What you have to do:
Each line of the data below from the one holding "cedure detailed below." to the one holding "The bearing contained in the Uni", inclusive, is to be reproduced exactly; no other line belongs in the answer.
--- Data provided ---
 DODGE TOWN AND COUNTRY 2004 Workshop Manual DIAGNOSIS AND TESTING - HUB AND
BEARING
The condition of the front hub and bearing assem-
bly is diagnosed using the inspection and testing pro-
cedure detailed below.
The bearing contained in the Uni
---
--- Data provided ---
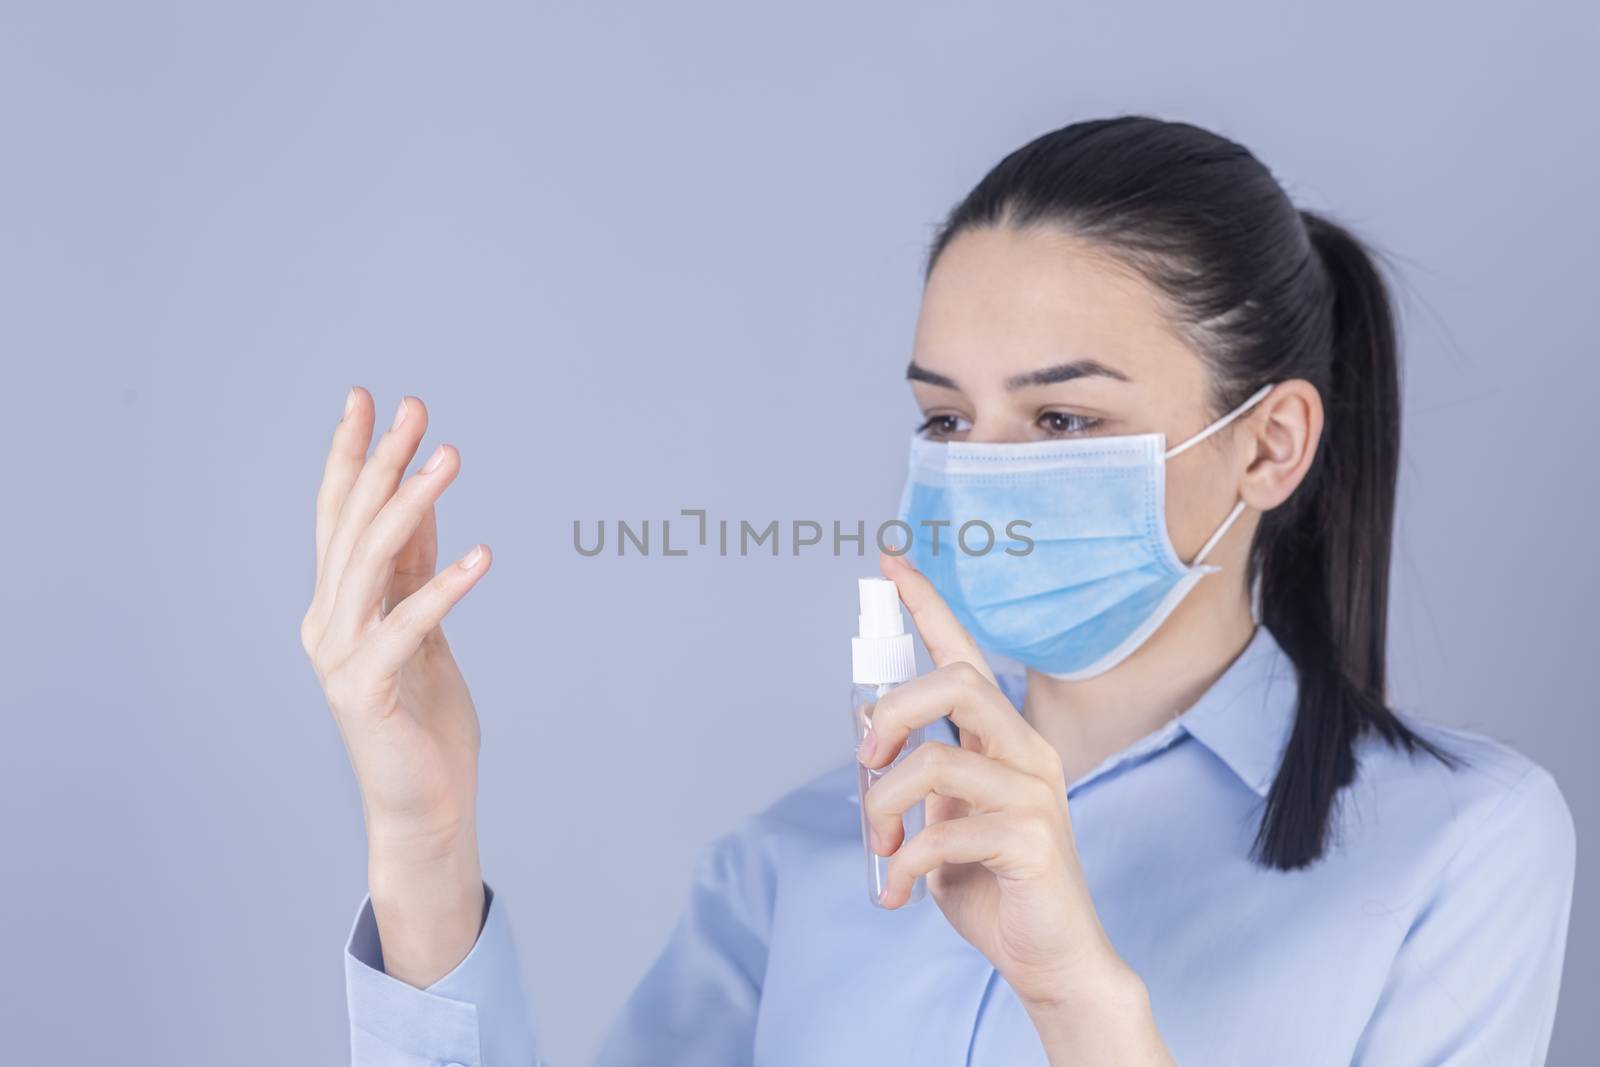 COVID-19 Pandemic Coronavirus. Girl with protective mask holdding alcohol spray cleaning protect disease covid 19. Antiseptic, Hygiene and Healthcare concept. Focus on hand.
---
Written reply:
cedure detailed below.
The bearing contained in the Uni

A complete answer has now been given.